Rewrite PageScrapeBot
Contributors: Athar Hameed, Ali Aslam, Arif Iqbal, Hassan Javeed, Laiq Jafri, Mohammad Ghufran, Umar Sheikh
What (summary)
The current PageScrapeBot is part of a large Java tomcat process running on our database master. We want to rewrite it in ruby and move it off of the database master. Rewrite PageScrapeBot is one Task in the larger WhoisRefresh Project.
The bot currently goes and gets the whois record from alexa, crawls the site looking for a logo, meta information for category guessing, looks for "aboutus" information on the site and several other things, then dumps all of that information into the database from where it is collected and reassembled by the PageCreationBot.
Why this is important
- Gives us mastery over our technology. We can change it easily (e.g., add amazon books that mention the domain), or adapt it for a different problem.

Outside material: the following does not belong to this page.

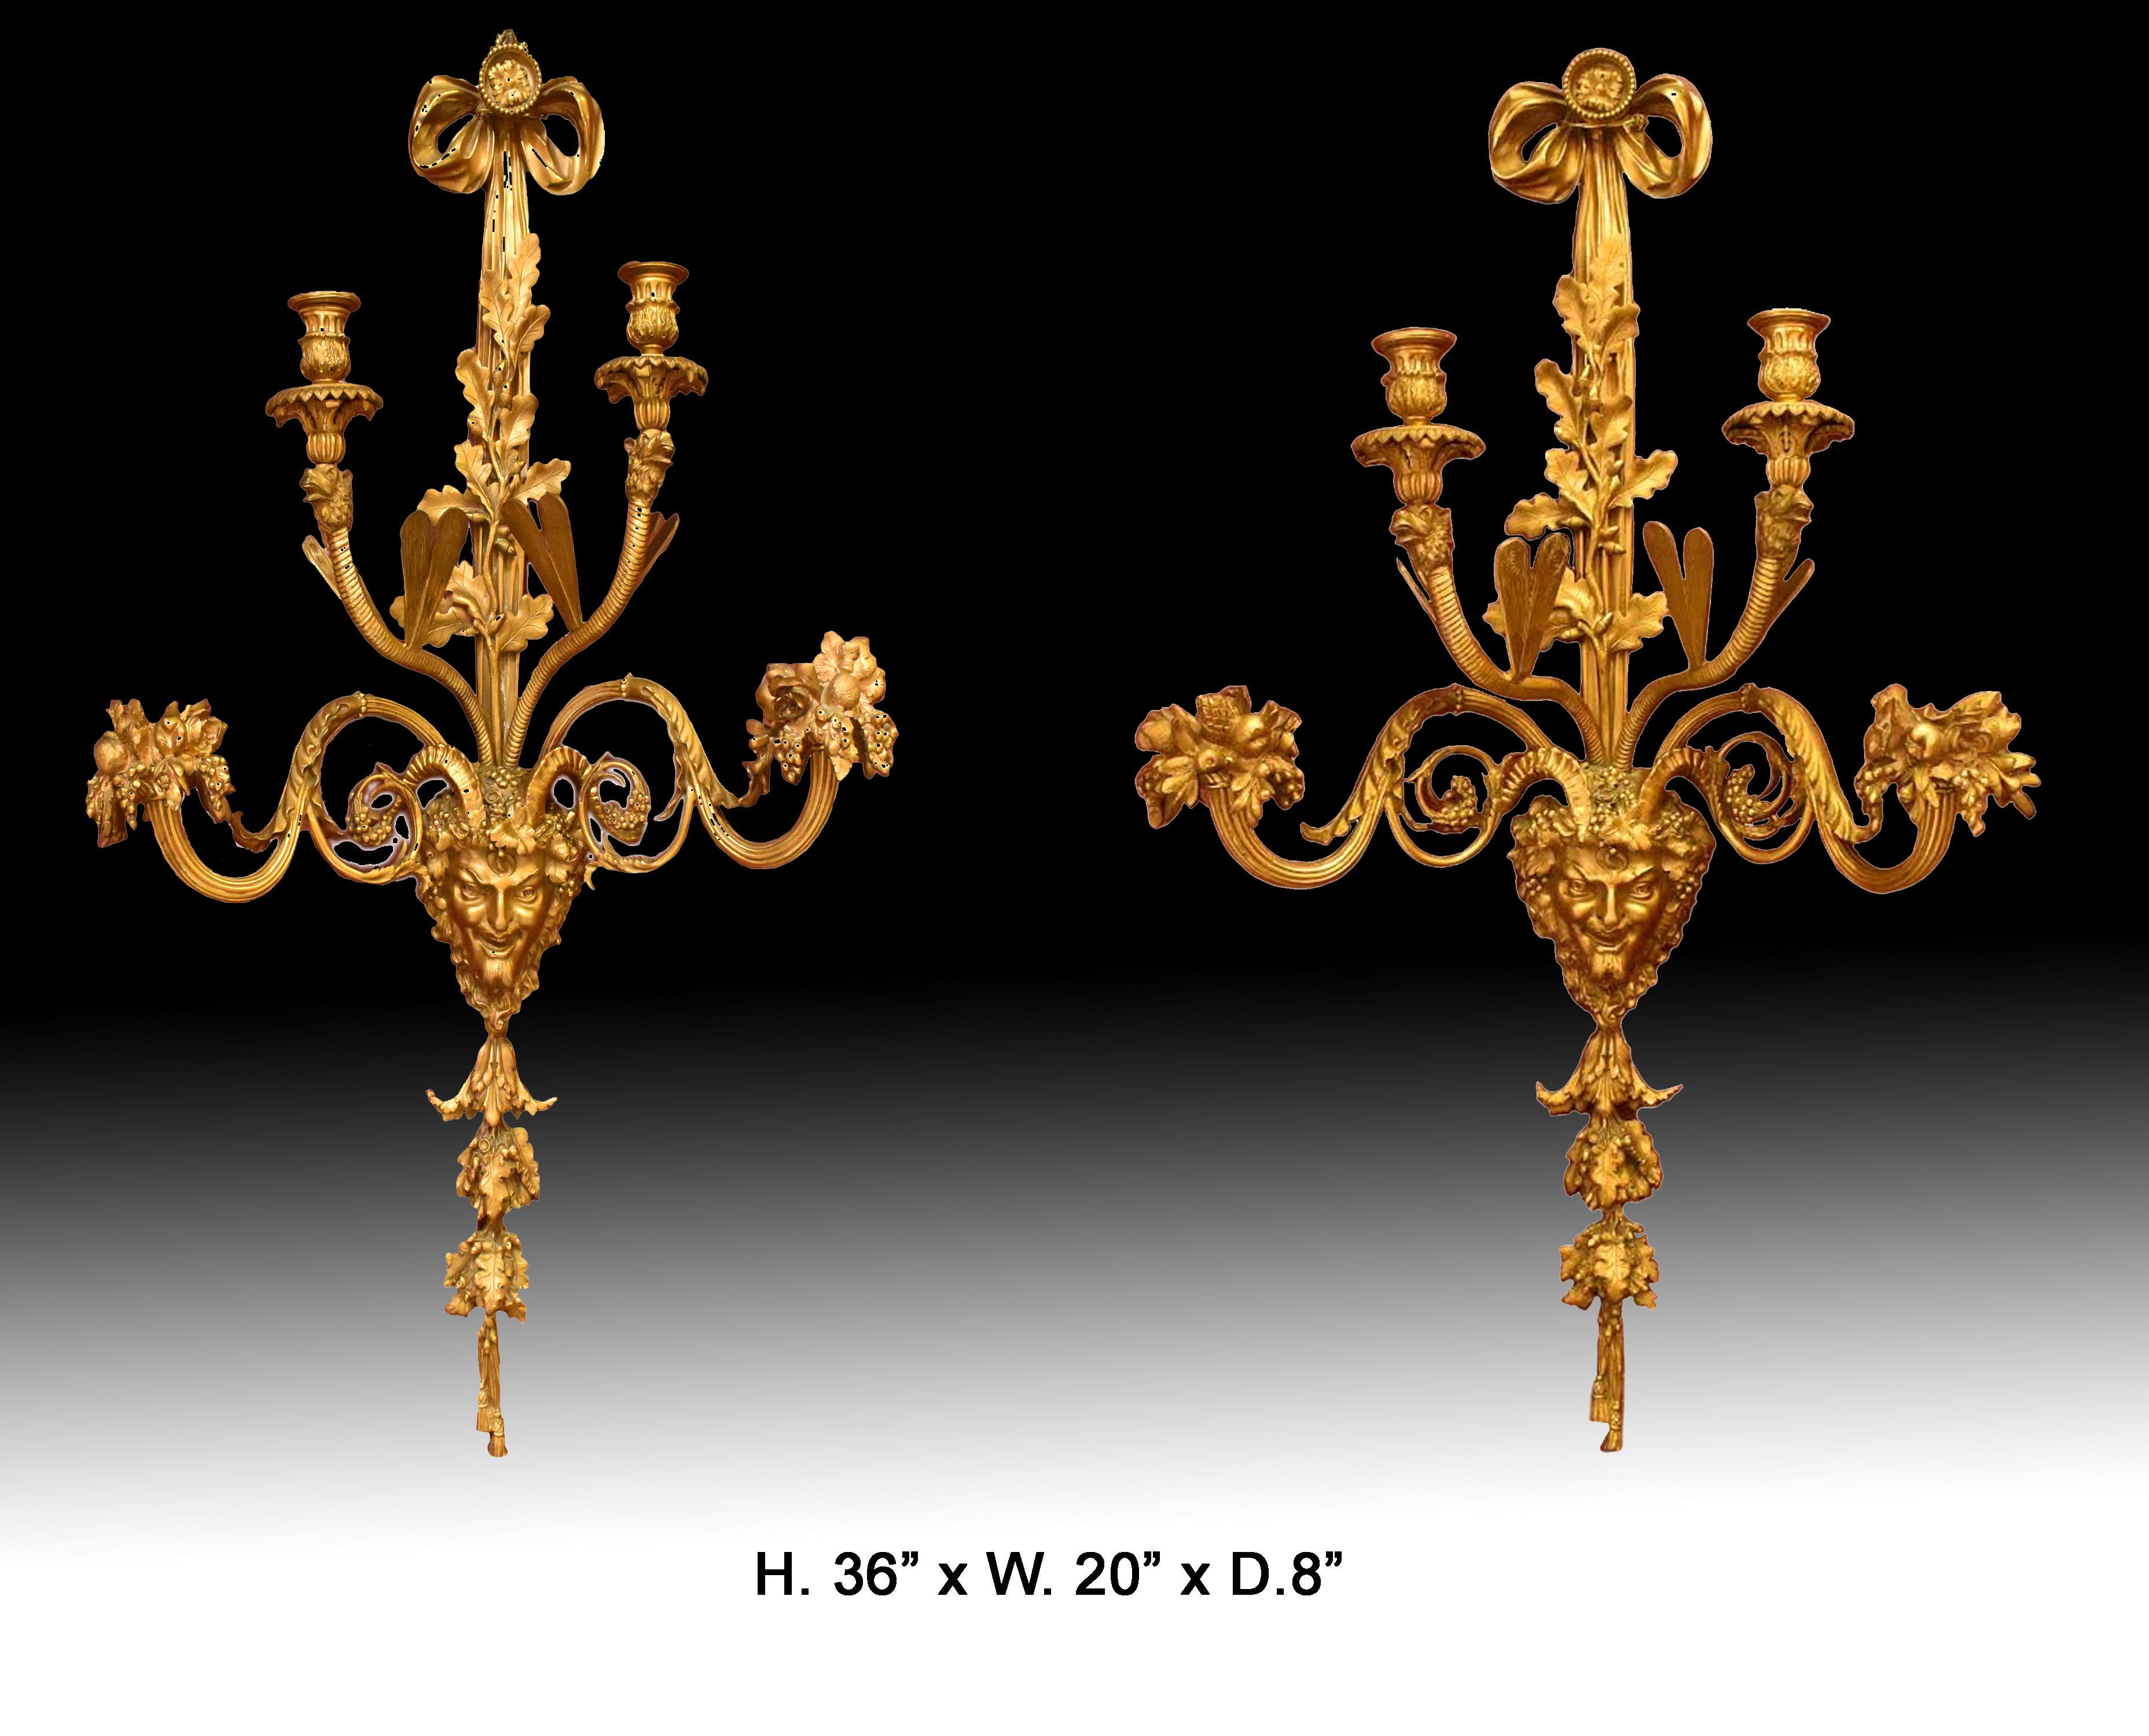 Exquise paire d'appliques à 4 lumières de style Louis XV du 19ème siècle.
Chacune d'elles est surmontée d'un ruban, au-dessus d'un feuillage complexe en bronze doré et d'un masque mythique, et de deux bras de candélabre anglés avec des ailes de

- Allows us to turn off Apache and the large Java tomcat process on our database master.
DoneDone
Given a domain, the bot collects the following information and adds it to the database
- A snippet about the domain, gathered from the site itself
- A thumbnail portrait of the front page
- A best guess at the logo for the site
- A list of related domains
- The address (or perhaps addresses) for the site along with citation from where the address came
- Meta information about the owner, email, alexa rank, language of the site, whether it is online or not, and whether it is classified as adult by alexa or not
- dmoz categories that contain the site
- metainformation about the domain (for example is it an idn domain)
- location of the homepage for the site (www.example.com vs example.com)
- incoming links to the frontpage
- keywords from the meta information on the frontpage
- the logo for the website
- all the meta information ... for example, is it parked? does it forward? is it online? is the registration protected?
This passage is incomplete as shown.